In the [previous notebook](https://colab.research.google.com/drive/1ph0aYyuKy1rVYkhmVDGkpNZeibpNJNDR#scrollTo=o83v40YAdJP9) we got word features, and binary dummies for learning language and ui language. we decomposed lexeme string, got some additional features like contains special characters, number of tokens, surface length etc. we corrected for the surface form being <*sf>. 

The issue was that joining datadfq1 and the word features kept running into memory issues. 

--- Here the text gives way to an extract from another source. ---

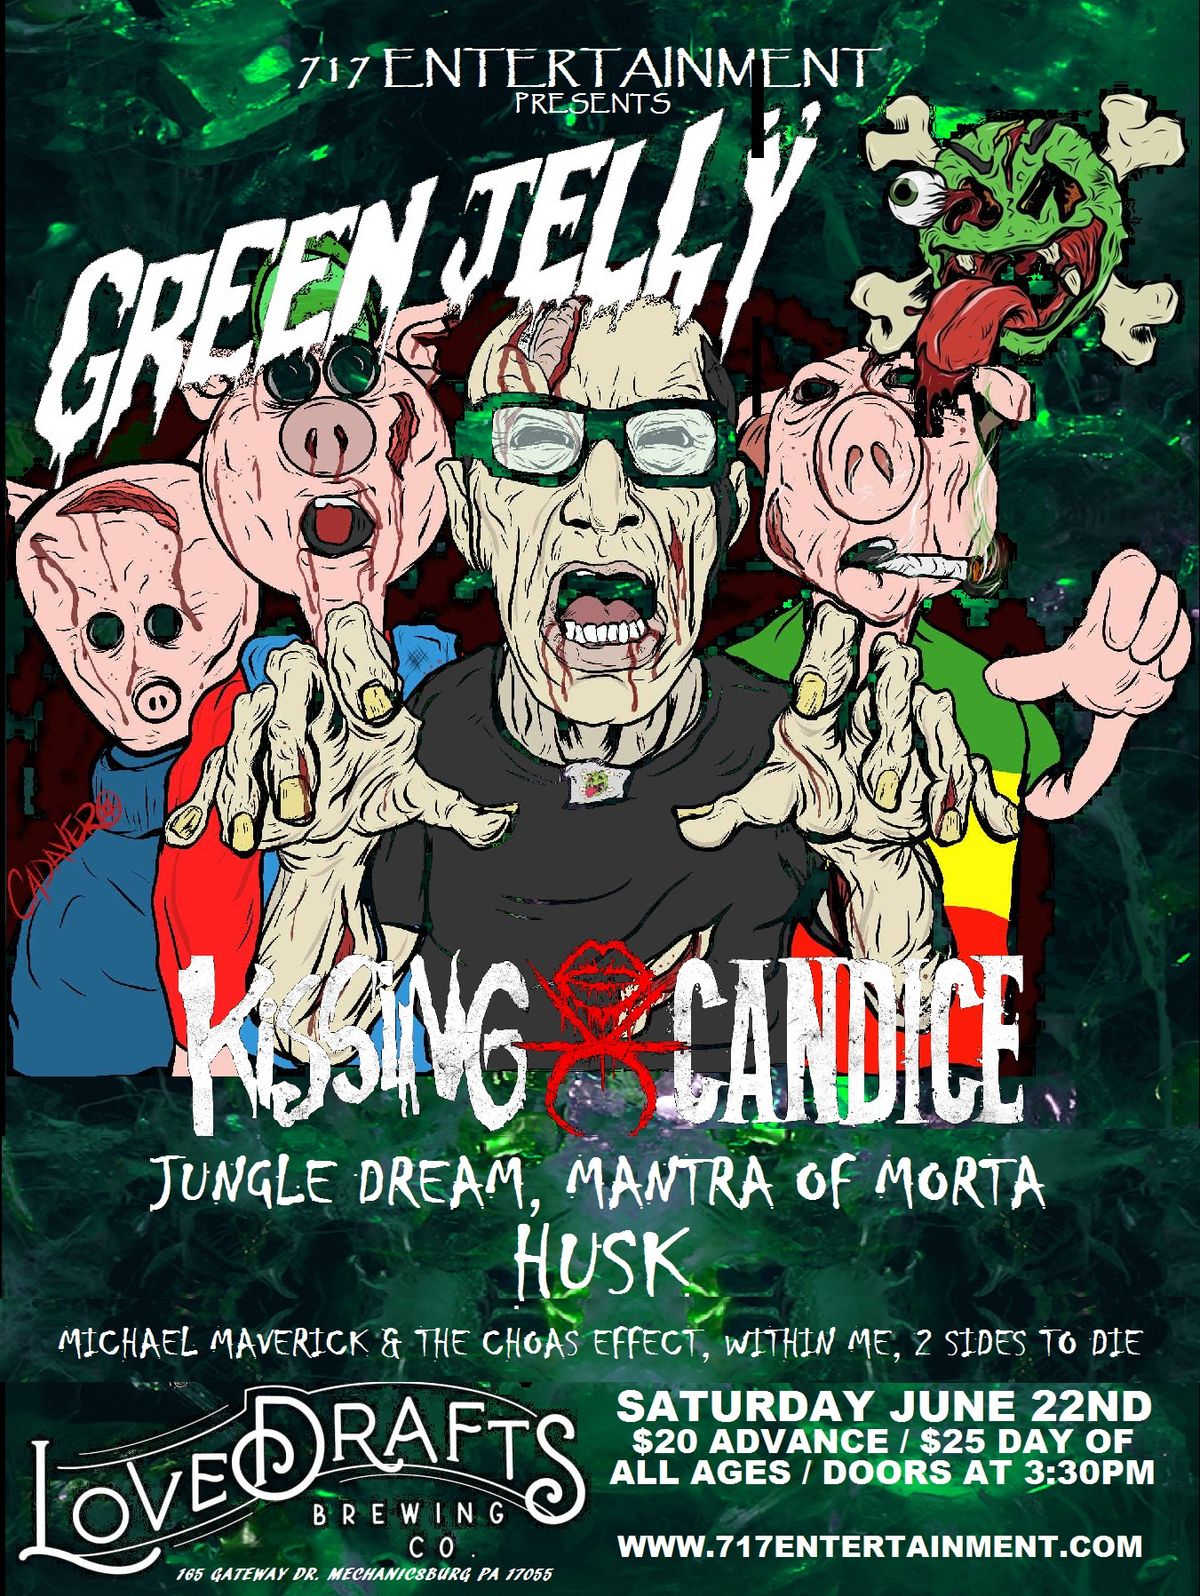 Green Jelly Punk Rock Circus w\/ Kissing Candice & More at Lovedrafts

We will try the following approaches. 

1. Convert the datadfq1 numeric to sparse representation and concatenate to lexeme features. - this is fairly involved, have to construct the sparse matrix from the lexemes sparse matrix. 
2. Tried Colab Pro+ ($67 per month) - did not work "L"
3. Try doing some modeling with the word features alone, get average delta, p_forgot_bin counts, num records, and do some feature selection first. 
4. Do a PCA on the lexeme features and bring down to around 200.
5. Try doing some feature selection using statistical testing and EDA with different word based features and plot mean p_forgot_bin vs delta, with hue as feature. 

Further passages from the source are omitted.